Husbands food preferences driving me crazy!

787 replies

Jessa85 · 27/02/2025 09:31

Sorry this got long! I'm struggling with my husband and the family meals I make.

He is incredibly fussy or particular... I don't know the best way to describe it so I'll list out what he won't eat -

  • no creamy dishes - things like 'marry me' chicken or honey mustard chicken are a no no.
  • no sour cream or mayonnaise - would simply refuse something like beef stroganoff
  • no chunky vegetable dishes, no salads
  • refuses to eat meals with pie or pastries
  • won't eat fish
  • no stews or soups - hates stews and soups are 'not a meal' apparently
  • jacket potatoes will only eat with beans and must have meat on the side
  • hates egg dishes so meals like quiche or omelette are out of the question

None of these preferences are allergy related.

We eat the same meals on repeat every week - some pasta variation, some curry variation, some meat and veg variation and I'm at my wits end, It's been 10 years and I'm bored of the same food. I'm craving something different but every time he will say - does it have XYZ in it? why is the veg all chunky? you know I don't like this sort of thing and so on. If he had it his way, we would BBQ meat every night and eat it with the same veg and some form of side dish.

I am a mum and work full-time, I am responsible for most of the housework and all the cooking. I really do not want to be cooking two separate meals everyday, I don't have the time or the energy for that.

I thought about asking him to cook his own meal but then I have the issue of our kids seeing us eating two different things and say well if daddy can have something different why can't I! Which will stress me out even more, I want them to eat a variety of food and not become so regimented like their father.

I really don't know what to do, I've spoken to him about it many times and he said 'I like what I like'... my reply was 'well what about what I like?' he told me I can always cook myself something different. Any advice appreciated, thank you.

UPDATE FROM OP ADDED BY MNHQ: Thank you for all the replies and for all the advice on food. The situation has escalated and I'll add updates on my relationship when possible for those interested in following along with me

OP posts:
koolkatxx · 28/02/2025 13:31

Vegemiteandhoneyontoast · 28/02/2025 13:29

The thread's moved on, it's no longer about food. Read the OP's updates.

My bad! Sorry OP

Yalta · 28/02/2025 13:56

Jessa85 · 27/02/2025 11:39

He brings us stability in terms of financial stability but it seems that's all. Yes it's similar here, when he is away for work trips my life is no different in the sense that I do everything anyway... in fact its easier as I don't have a man-child to pander to.
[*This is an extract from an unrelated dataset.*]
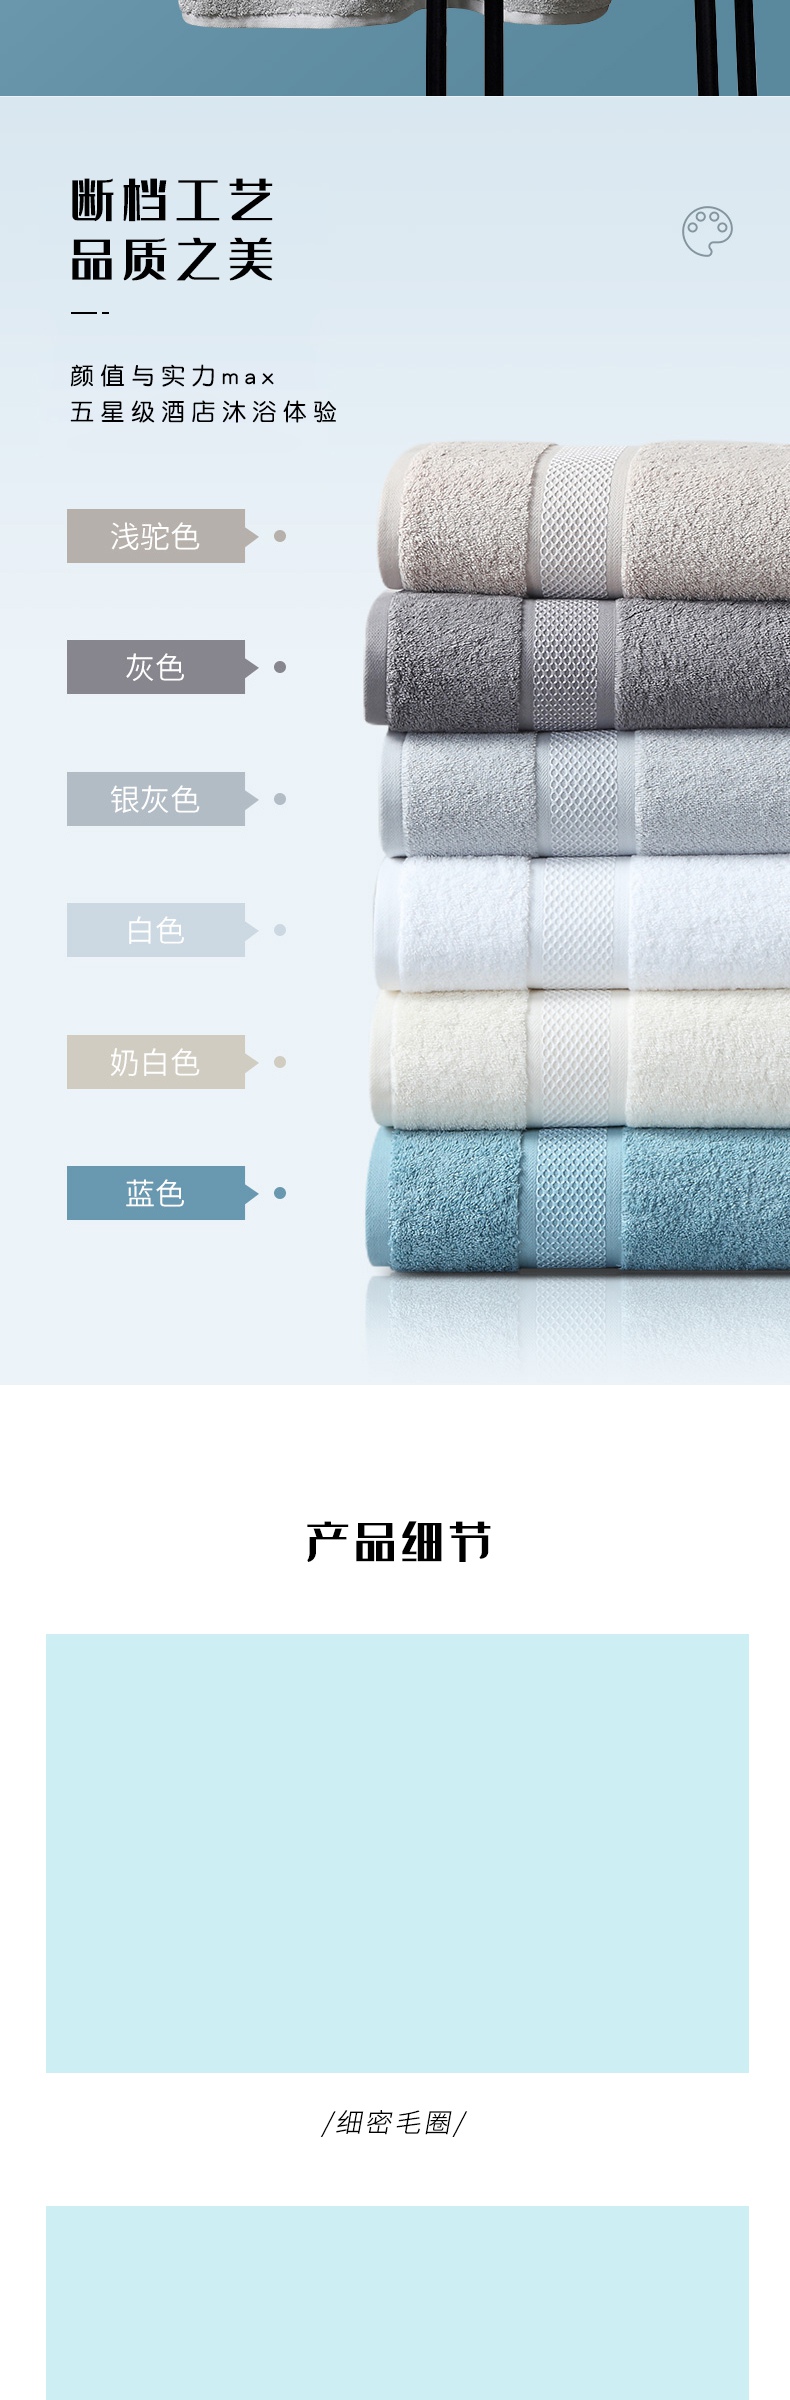 酒店专用简约清新毛巾详情页产品描述页通用
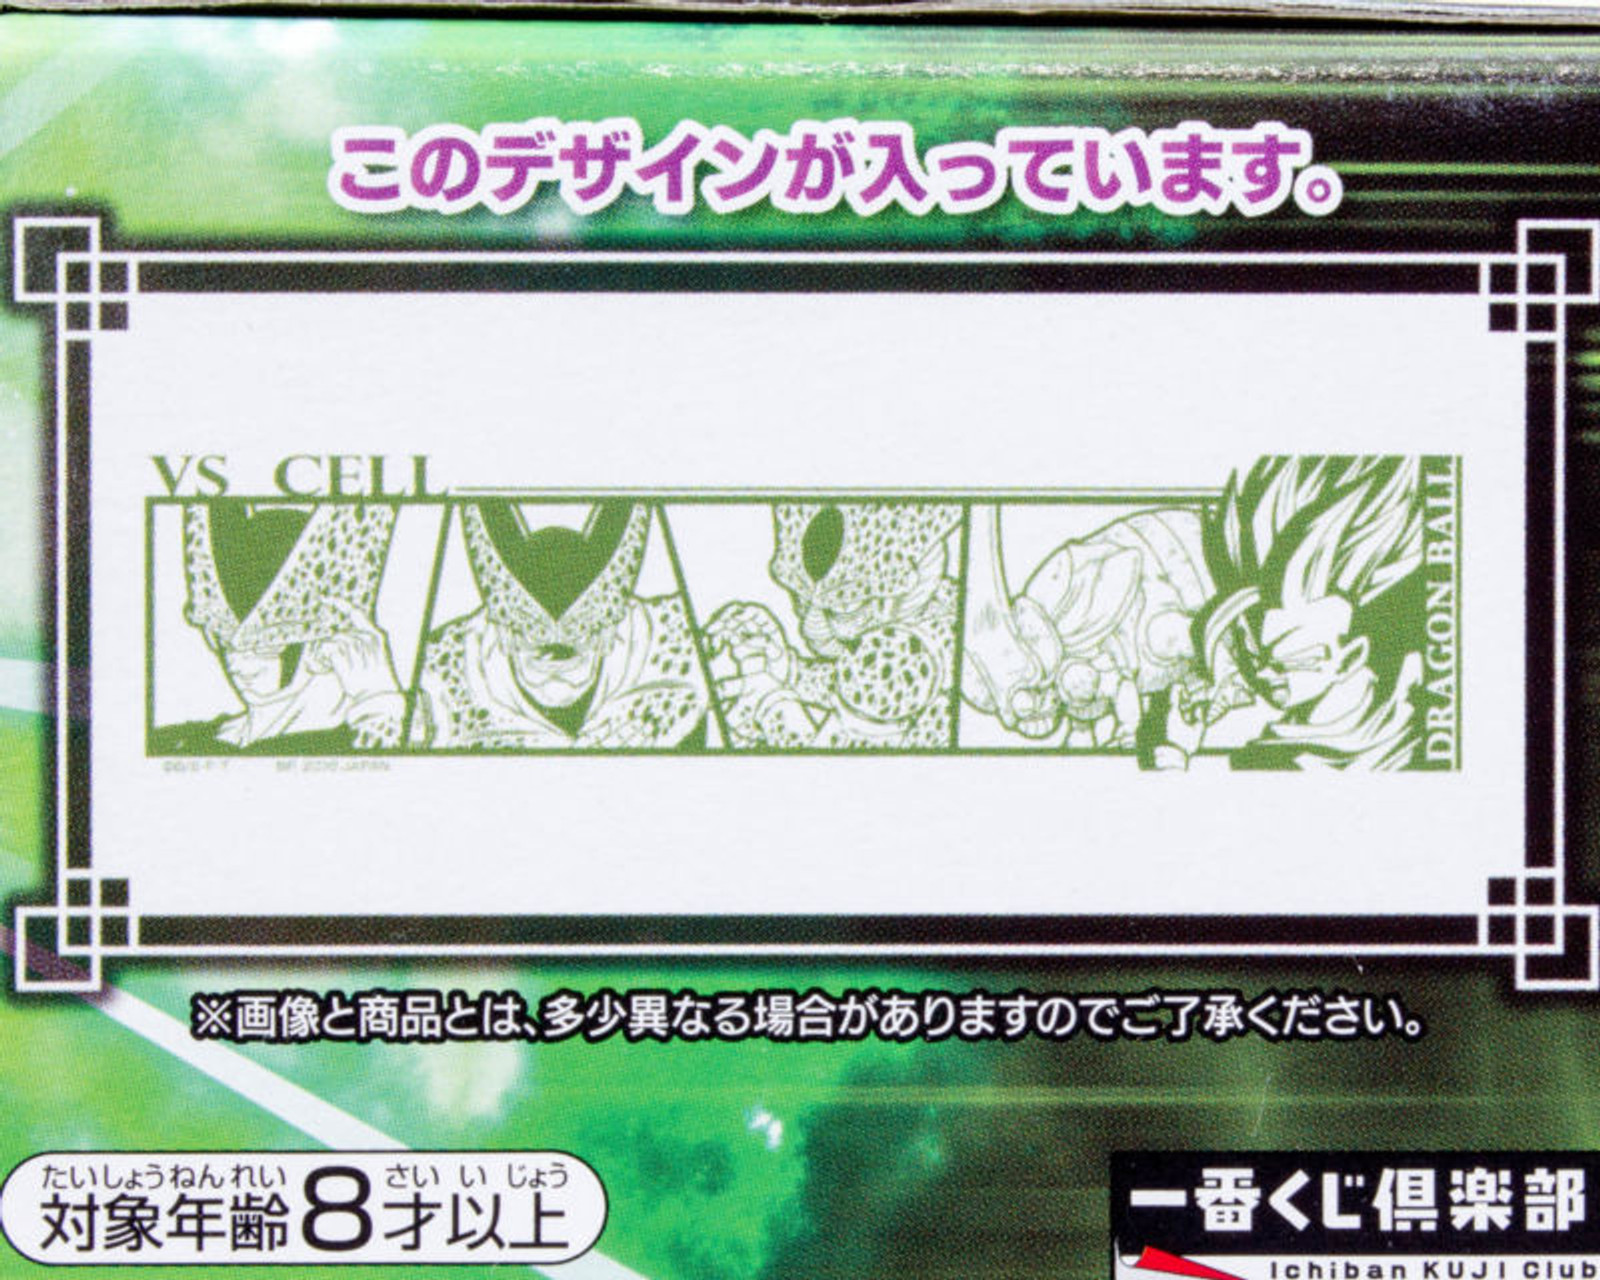 Dragon Ball Z Saikyo Rock Glass Super Rival vs. Cell Banpresto JAPAN ANIME

Does he though given he can’t afford to pay his share of the bills if he is relying on someone who earns significantly less to make up half of the bills

I would say this is financial abuse and I would expect more in the divorce settlement

Make a list over the last 10 years of his and your salaries and how much more you have contributed by ratio of earnings to prop him up

On a side note that you have more than food issues going on

I am struggling to see the difference between a curry (meat and vegetables in a sauce) which he will eat and a stew (meat and vegetables in a sauce) which he won’t eat

FWIW I do know a guy (also a high earner) who would only eat fish fingers, burgers, sausages or chicken nuggets with beans and chips. His marriage didn’t survive the honeymoon

LaceApplique · 28/02/2025 14:02

'I am a mum and work full-time, I am responsible for most of the housework and all the cooking. I really do not want to be cooking two separate meals everyday, I don't have the time or the energy for that.'

That is your real issue.

I wouldn't be eating lack lustre food just because DH is fussy. He needs to cook his own dinner. Why should everyone else be deprived of varied meals to accommodate him?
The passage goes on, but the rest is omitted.